Blue Mountain Film Fest Wrap: Sports-Com Racewalkers Saunters to the Top Prize
By Jim Slotek
BLUE MOUNTAIN VILLAGE, ONTARIO - It’s appropriate that the feel-good Canadian comedy Racewalkers was awarded the quirkily titled Unstoppable Feature prize at this year’s Slamdance Festival in L.A.
The film about the goony-bird Olympic sport of competive walking - directed by and starring the Toronto duo of Kevin Claydon and Phil Moniz - continued its winning ways at the verdant Blue Mountain Film + Media Festival, where it was the opening night gala.
Phil Moniz teaches Kevin Claydon a victory walk in Racewalkers.
In a festival-long fan ballot, Racewalkers – which has yet to be released to Canadian theatres - was voted this year’s Festival Fave. It followed that win with a trip to Australia for the Sydney Film Festival, where winners in various categories will be announced this weekend.
Meanwhile, back in the shadow of the Niagara Escarpment, the Blue Mountain Film Festival also honoured Vasili Manikas’ Cancer Kid as the winner in the Canadian Shorts Competition. The win carries a prize of $10,000 in post-production services from Toronto’s Urban Post Production. Urban Post is also offering support – along with fellow sponsors Fasken and Henry’s – to Live Pitch Competition winner, Shani McKenzie.
(On a related note, some Blue Mountain participants recently made a splash at the Canadian Screen Awards. From this year’s BMFF lineup, Winnipeg-native Matthew Rankin was named winner of Achievement in Direction for the absurdist social comedy Universal Language - Canada’s entry in thie Oscars. Among Blue Mountain participants, the CSA for Best Picture went to the Donald Trump biopic The Apprentice, starring Sebastian Stan, which was produced by veteran Canadian producer Daniel Bekerman. And Jeff Chan received the award for Achievement in Visual Effects for the Canadian superhero science fiction action film Code 8: Part II.)

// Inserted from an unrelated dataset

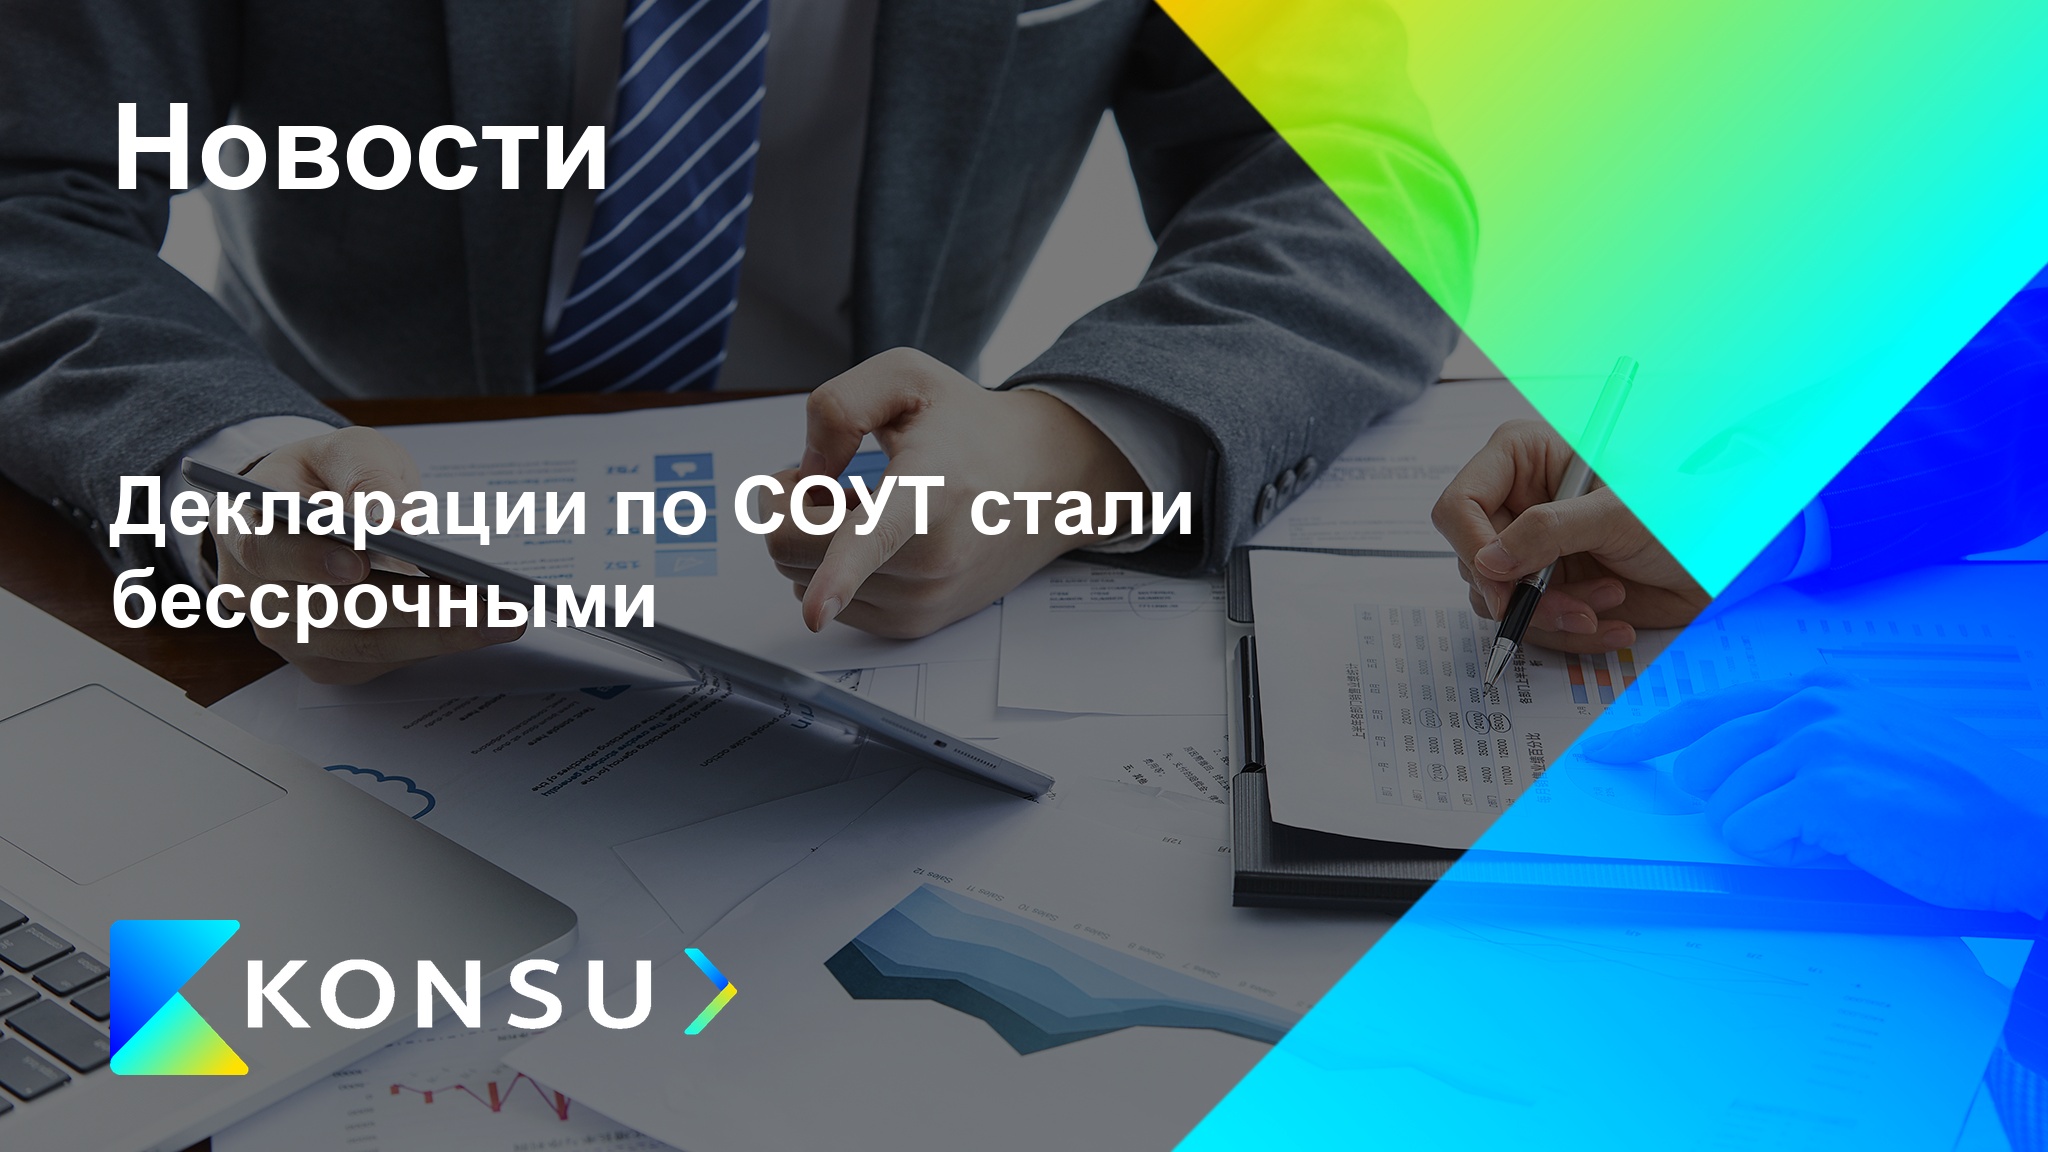 Deklaratsii sout stali bessrochnymi ru konsu outsourcing consult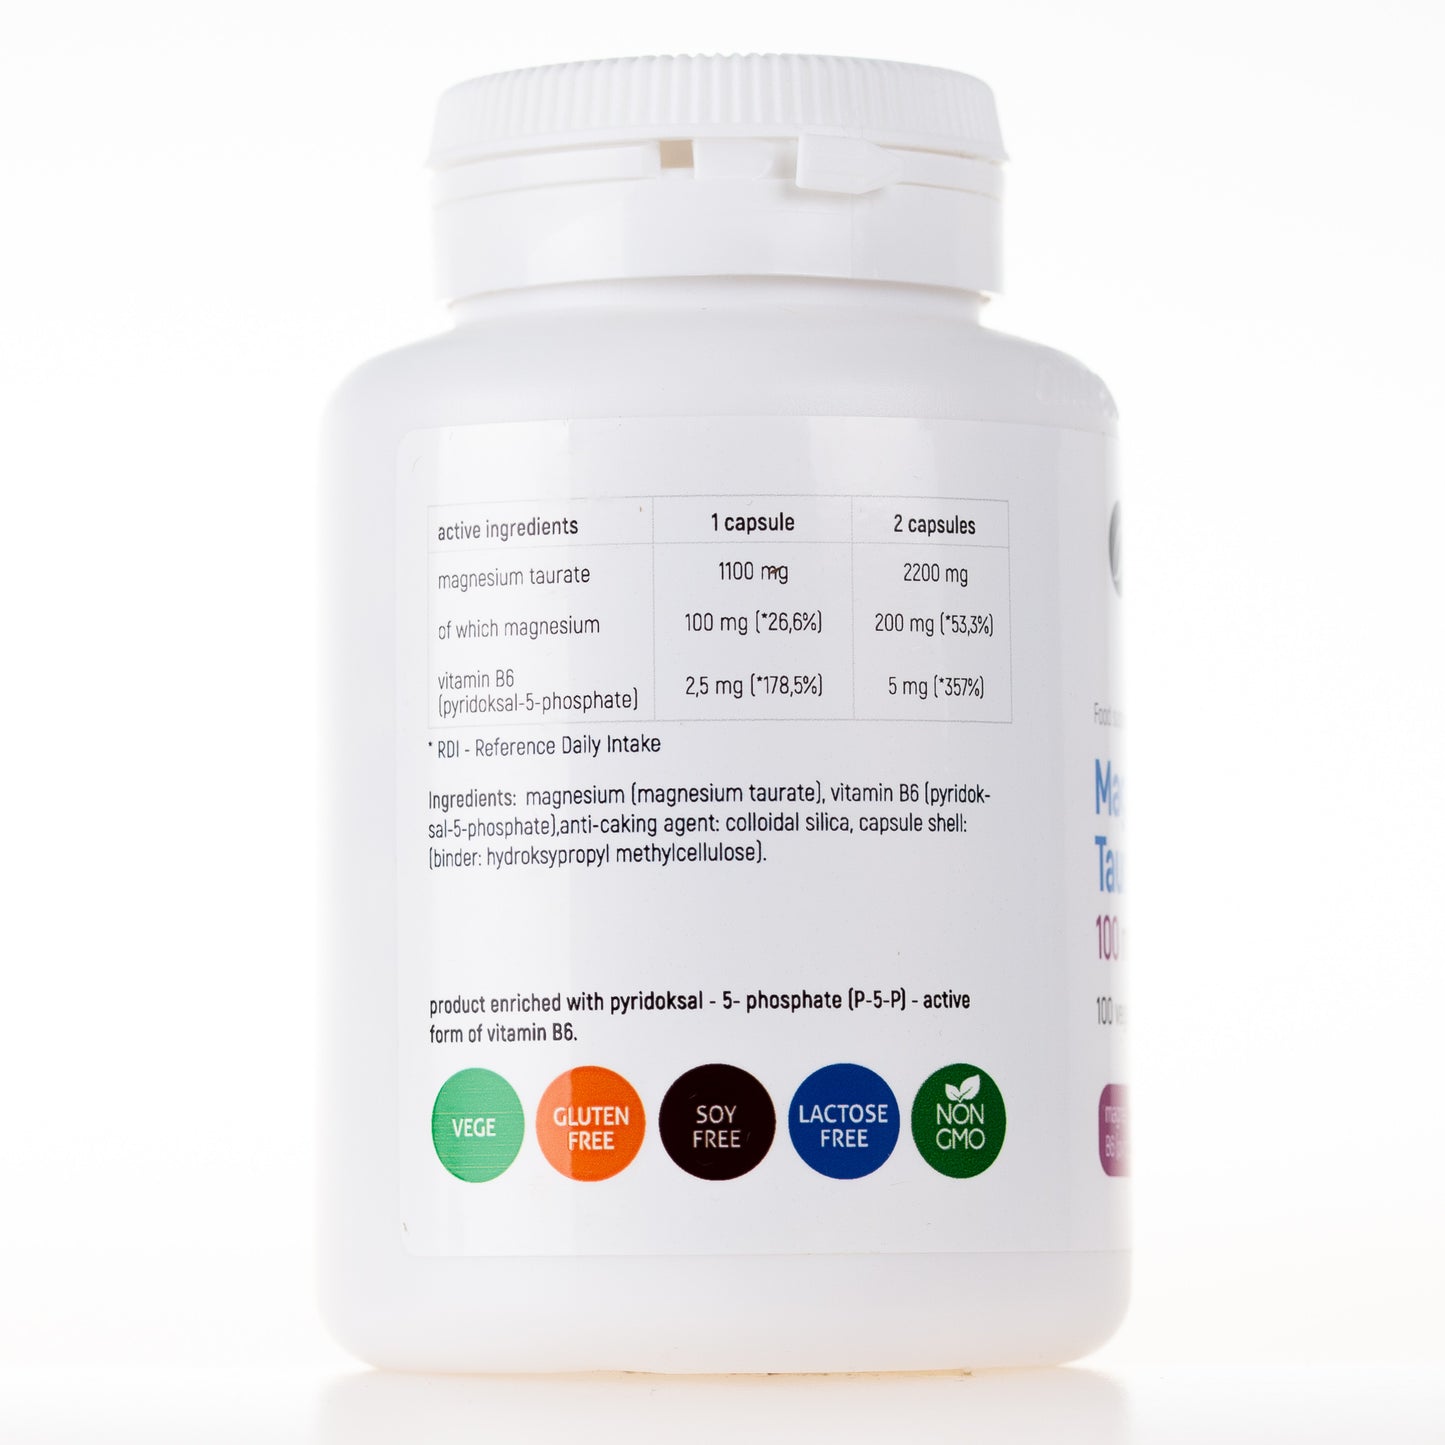 Magnesium Taurate with Vitamin B6 (P-5-P), 100 vegan capsules

The BMFF choices capped a lively and loud weekend of events at the theme-parkish Blue Mountain Village, with music, outdoor screenings and slightly below seasonal temperatures as wired gondolas traversed the Escarpment above and the waters of Georgian Bay beckoned below.
The screening rooms were a village experience of their own, with crowds seated on meeting chairs in two different conference rooms. It’s an environment that caters to both families and seniors, and the lineup of films had a generally feel-good vibe that suited the demographic.
Where else could you see uplifting features on the theme of cheese on consecutive days? Louise Courvoisier’s Holy Cow is a French young adult favourite, about an orphaned teen forced to become the man of the house, and who embraces a scheme to win money, making award-winning cheese from stolen milk.
Meanwhile, Ian Cheney’s Shelf Life is a documentary that travels the world gleaning the philosophies of cheesemakers from the Pyrenees to Japan, and notes the pragmatic parallels between cheese, death and decomposition.
But my highlight was Dog Night, a trio of programmed films that included an outdoor screening of the classic Christopher Guest film Best in Show, The Friend (a cute mutt story starring Naomi Watts and Bill Murray), and a true revelation in Guan Hu’s film Black Dog, about a Chinese ex-rock star turned ex-convict, who becomes the protector of a fugitive dog in a wannabe-gentrified town that’s trying to purge stray dogs.
There’s a unique buzz to Blue Mountain Village that spills over to its festival. Kudos to programmer Jason Gorber and assistant programmers Rachel West and Pat Mullen for finding the sweet spot on their first try.